Published:Thursday | July 12, 2018 | 12:00 AM

Recent research by neuroscientists at New-castle University in northeast England has verified what we already know: that, on average, girls' brains develop earlier than boys' brains. They discovered that as the brain matures, it begins to 'prune' stored information, to focus on what is important.

For girls, this can happen as early as 10 years old, but for boys, it can take until between 15 and 20 for the same changes to occur. Girls tend to optimise brain connections earlier than boys, which explains why females generally mature faster in certain cognitive and emotional areas than males during childhood and adolescence.

Therefore, at age 10, girls are more conceptually developed than boys, and will perform better in examinations like GSAT.

Jamaica's education system is biased against boys because it forces both boys and girls at age 11 to sit the all-important examination to decide which high school they will attend. On average, girls will do far better and will be placed in traditional high schools, while the boys will predominate in all-age, junior high and the newly upgraded high schools.

The data published nowadays by the Ministry of Education hide the bias against boys. Data from 2008-2009 reveal that 70 per cent of the students in grades seven to nine in all-age schools are boys; most of the girls have gone on to better things. And 62 per cent of the students in grades seven to nine in junior high schools are boys. The traditional high and newly renamed high schools are lumped together in the statistics, so it is impossible to see the gender bias, but the girls are in the vast majority in the higher-quality high schools, showing the bias against boys inherent in our education system.

 

Literacy Test highlights bias

 

The published results for the Grade One Individual Learning Profile, the Grade Four Literacy Test, and the Grade Six Achievement Test show that the girls far outperform the boys. This is not just because there is favouritism towards the girls (the boys are usually put to sit at the back of the class), but because the girls are psychologically and physiologically more ready for these exams. Putting boys and girls together disadvantages the boys.

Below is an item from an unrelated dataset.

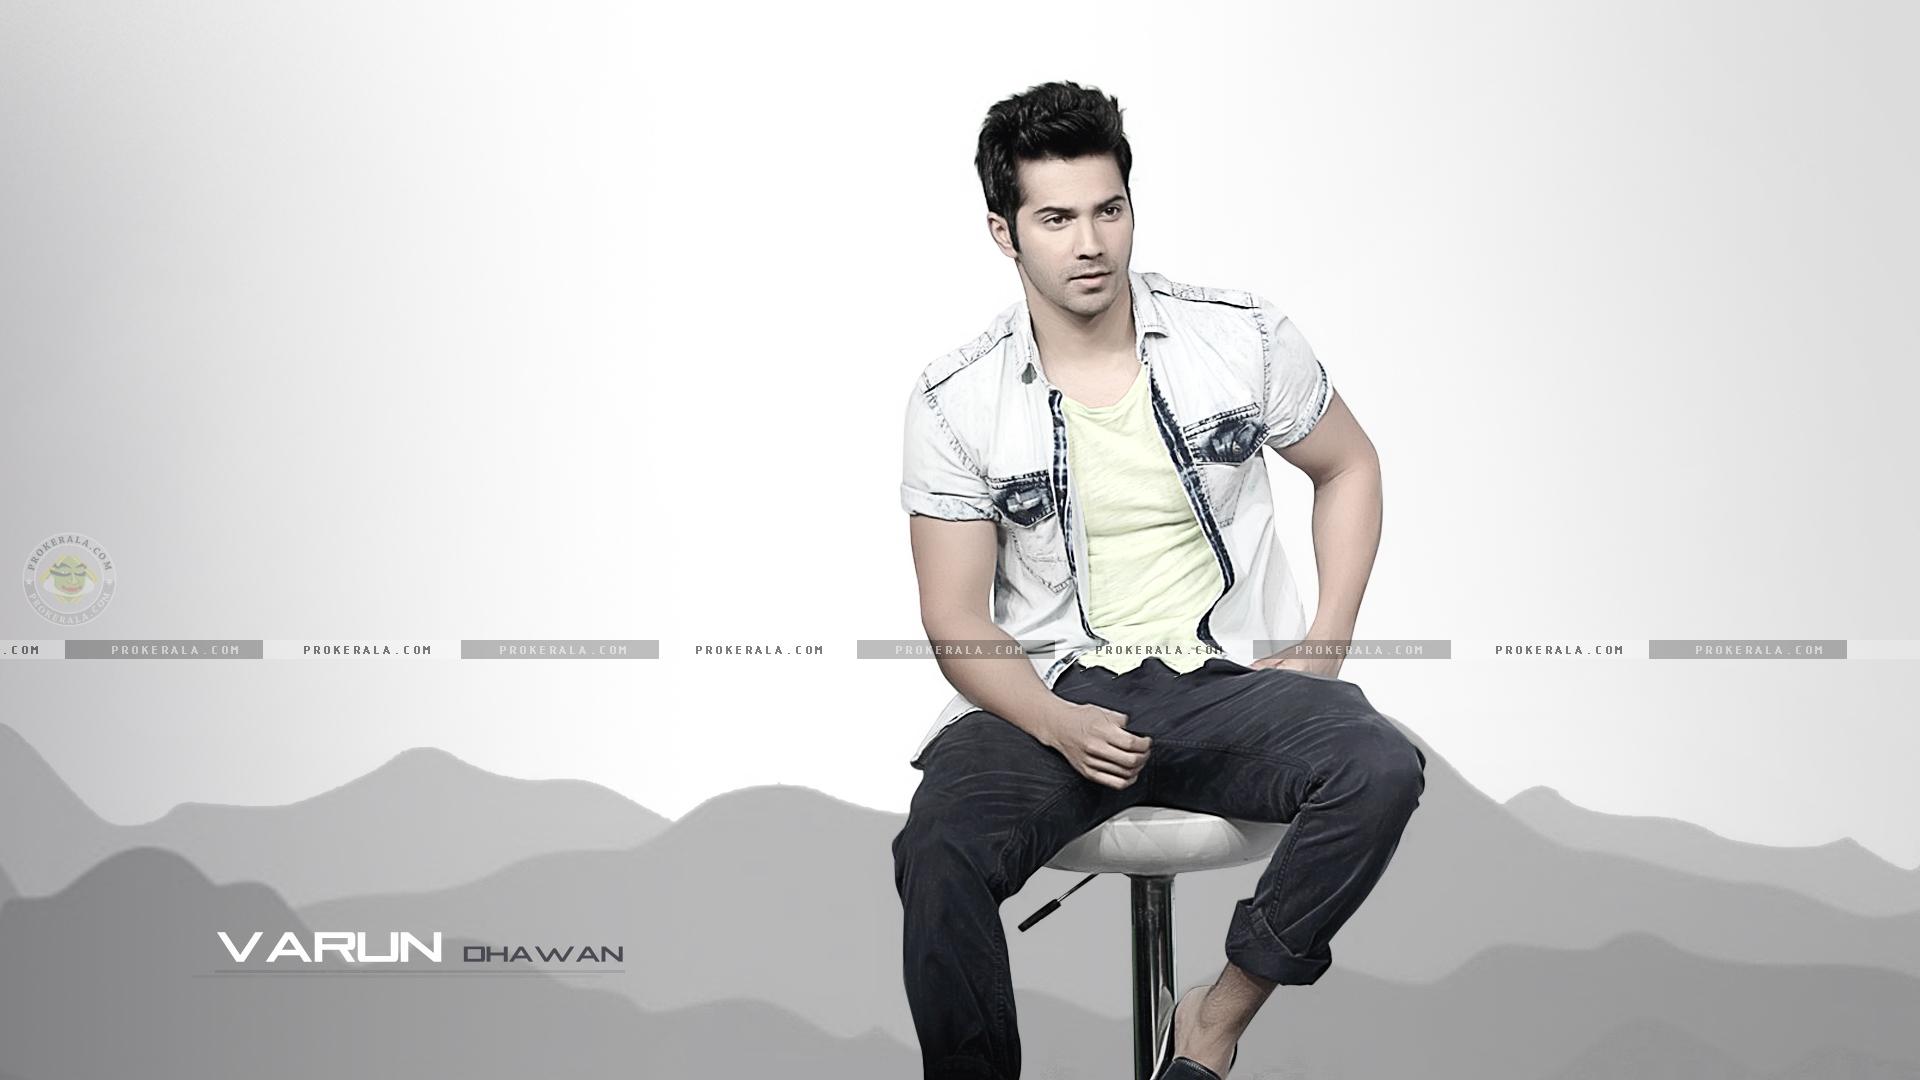 varun dhawan wallpapers page - photo #2

A big way that our education system favours girls is that there are twice as many school places in traditional high schools for girls than boys. The stark reality is that in Jamaica, we have only eight traditional high schools in Jamaica for boys alone (Calabar, Cornwall College, DeCarteret High, Jamaica College, Kingston College, Munro College, St George's College, Wolmer's Boys), while we have fully 15 for girls alone (Alpha Academy, Bishop Gibson High, Holy Childhood High, Hampton School, Immaculate Conception High, Marymount High, Merl Grove High, MoBay High, Mount Alvernia High, Queen's, St Andrew High, St Hilda's High, St Hugh's High, Westwood High, Wolmer's Girls). The rest are co-educational, and the ones I know have considerably more girls than boys. This system is grossly unfair to boys, and is evidence of extreme bias.

Putting boys and girls together in the same class in grades seven to 11 (forms one to five) places the boys at serious disadvantage. Academically, the girls will run circles around the boys, affecting their self-confidence, and causing them to overcompensate with macho behaviour.

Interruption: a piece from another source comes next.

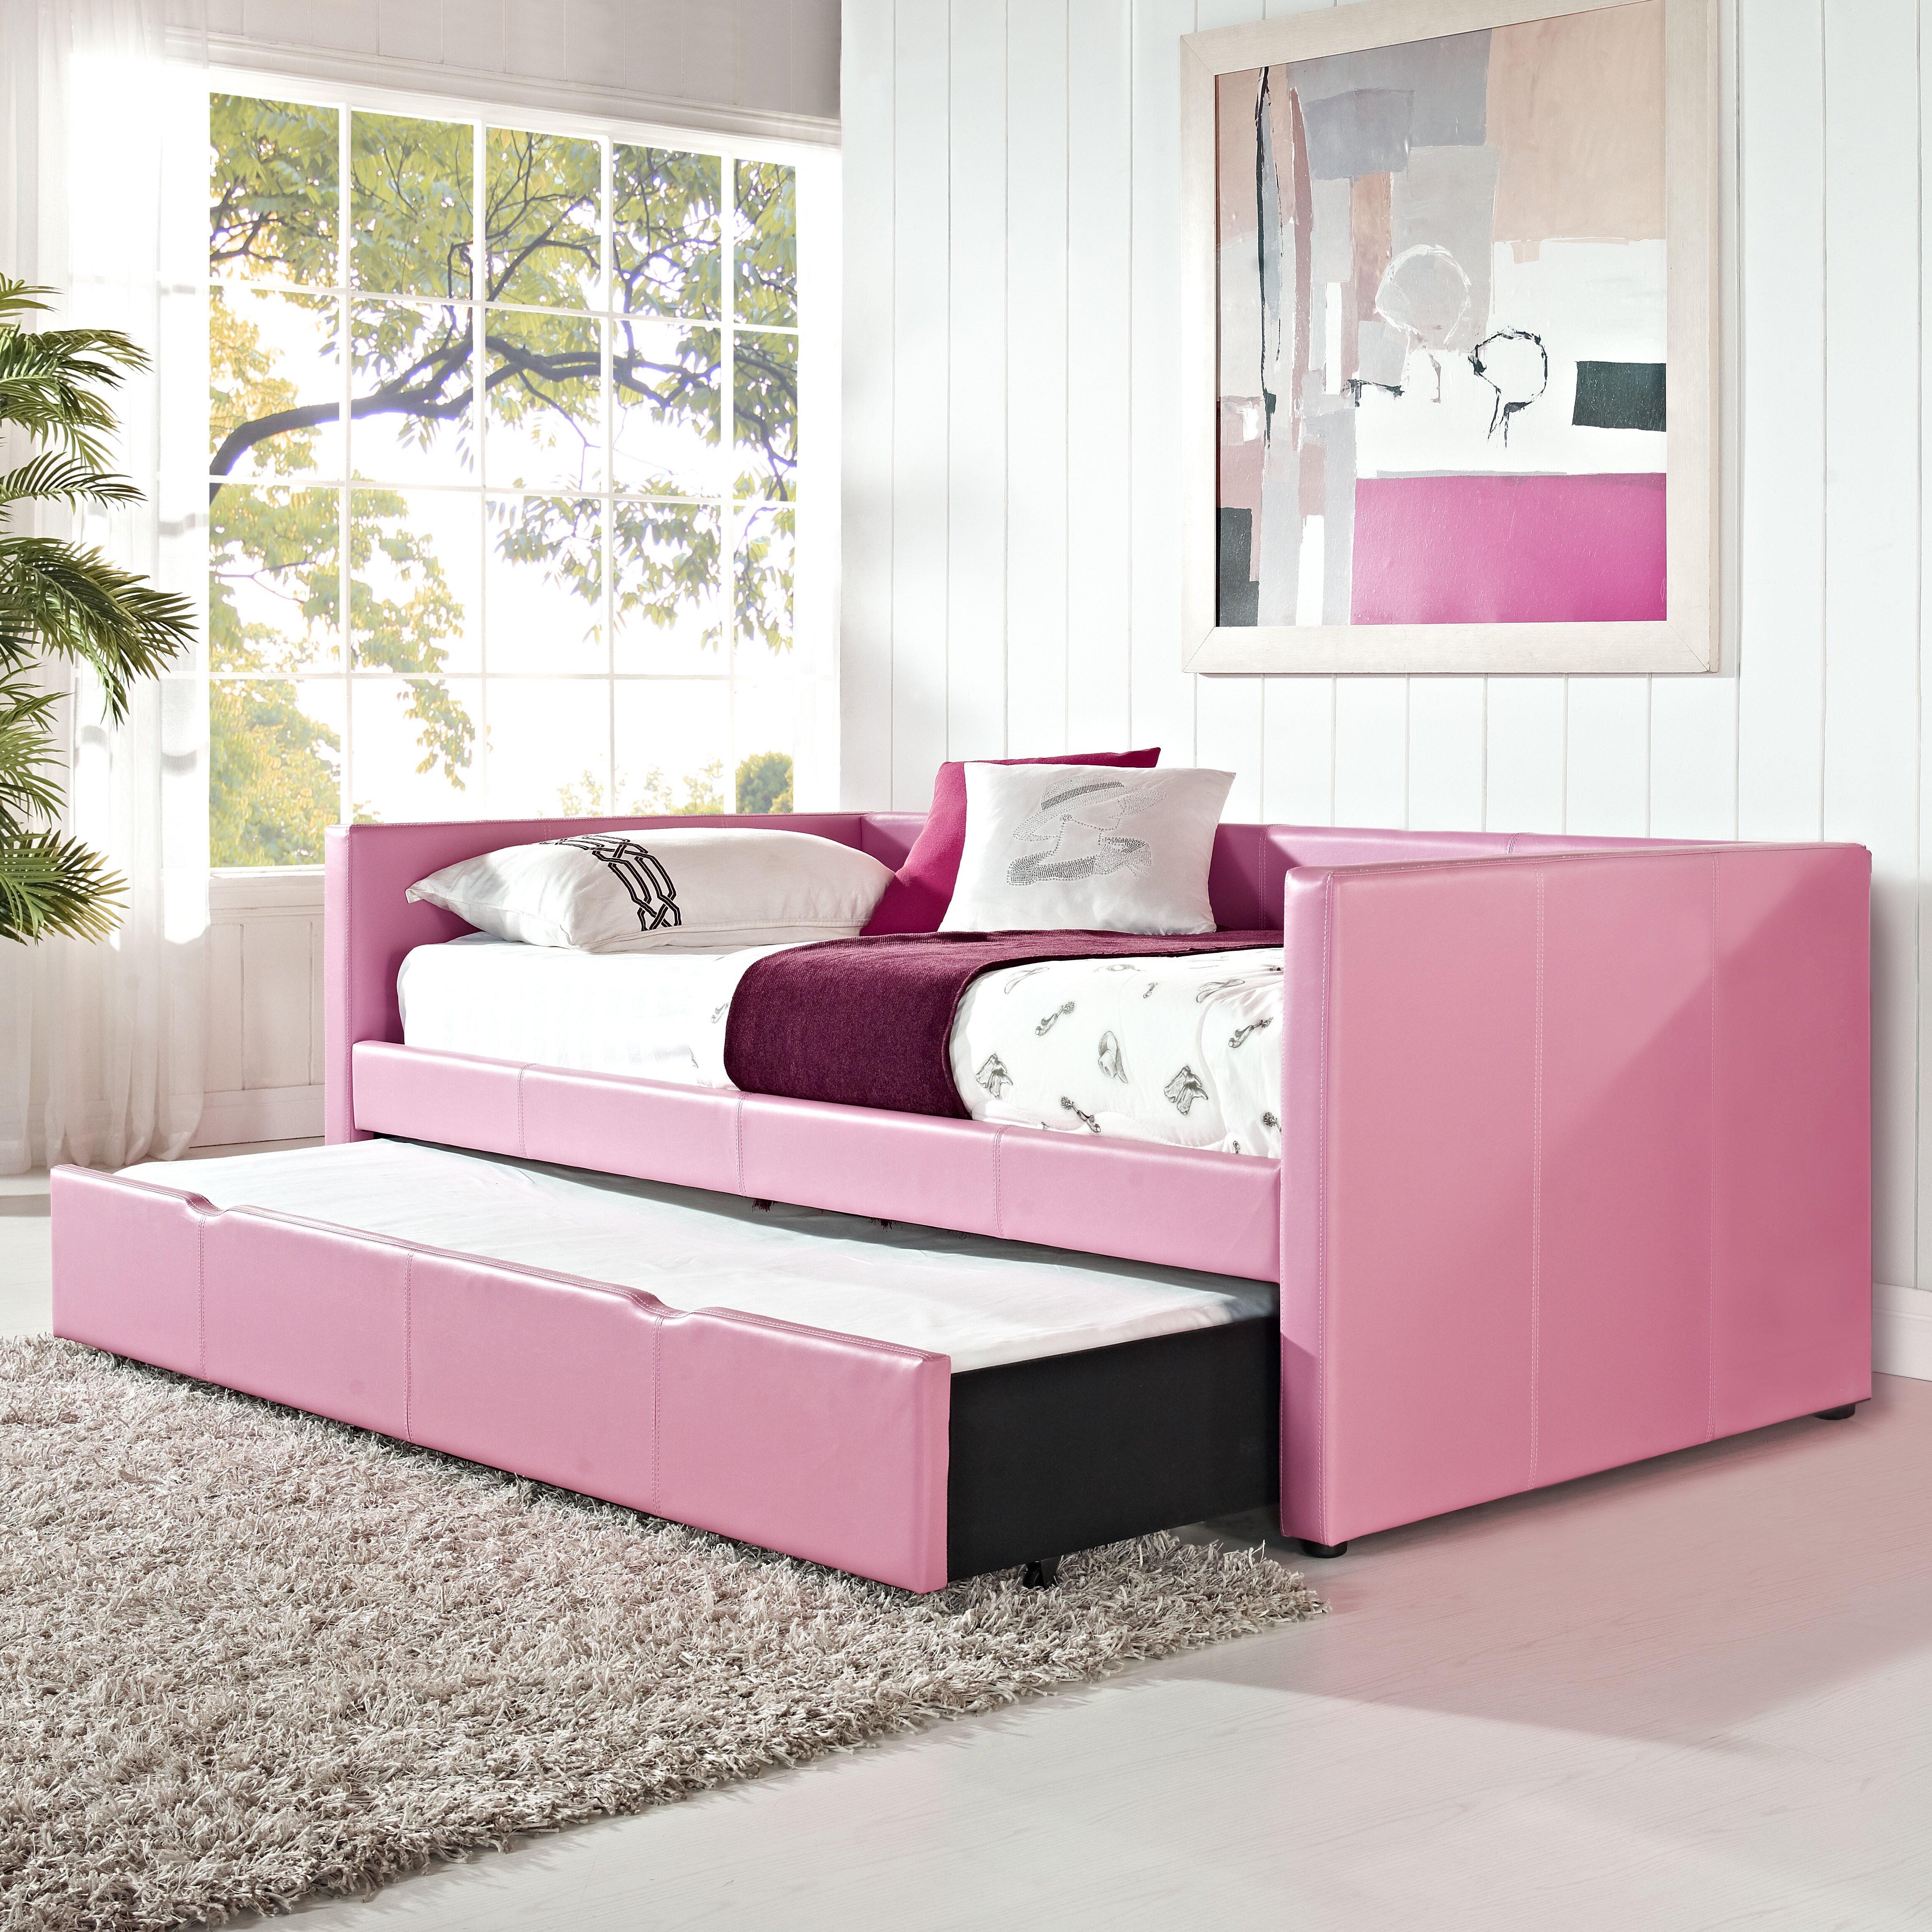 Kelley S Furniture

Boys will do better in separate-sex schools, and so will the girls (Campion is an exception, because all the students in the intake - male and female - are in the nineties percentage band). It seems to me that the way forward is to convert all our schools at the secondary level into single-sex schools. And we need an equal number of schools for boys and girls. Six forms may be co-educational, for at that age the boys have caught up with the girls.

Jamaica's boys are under-performing because of the way our education system is designed. When will we ever have the transformational leadership to fix the design flaws?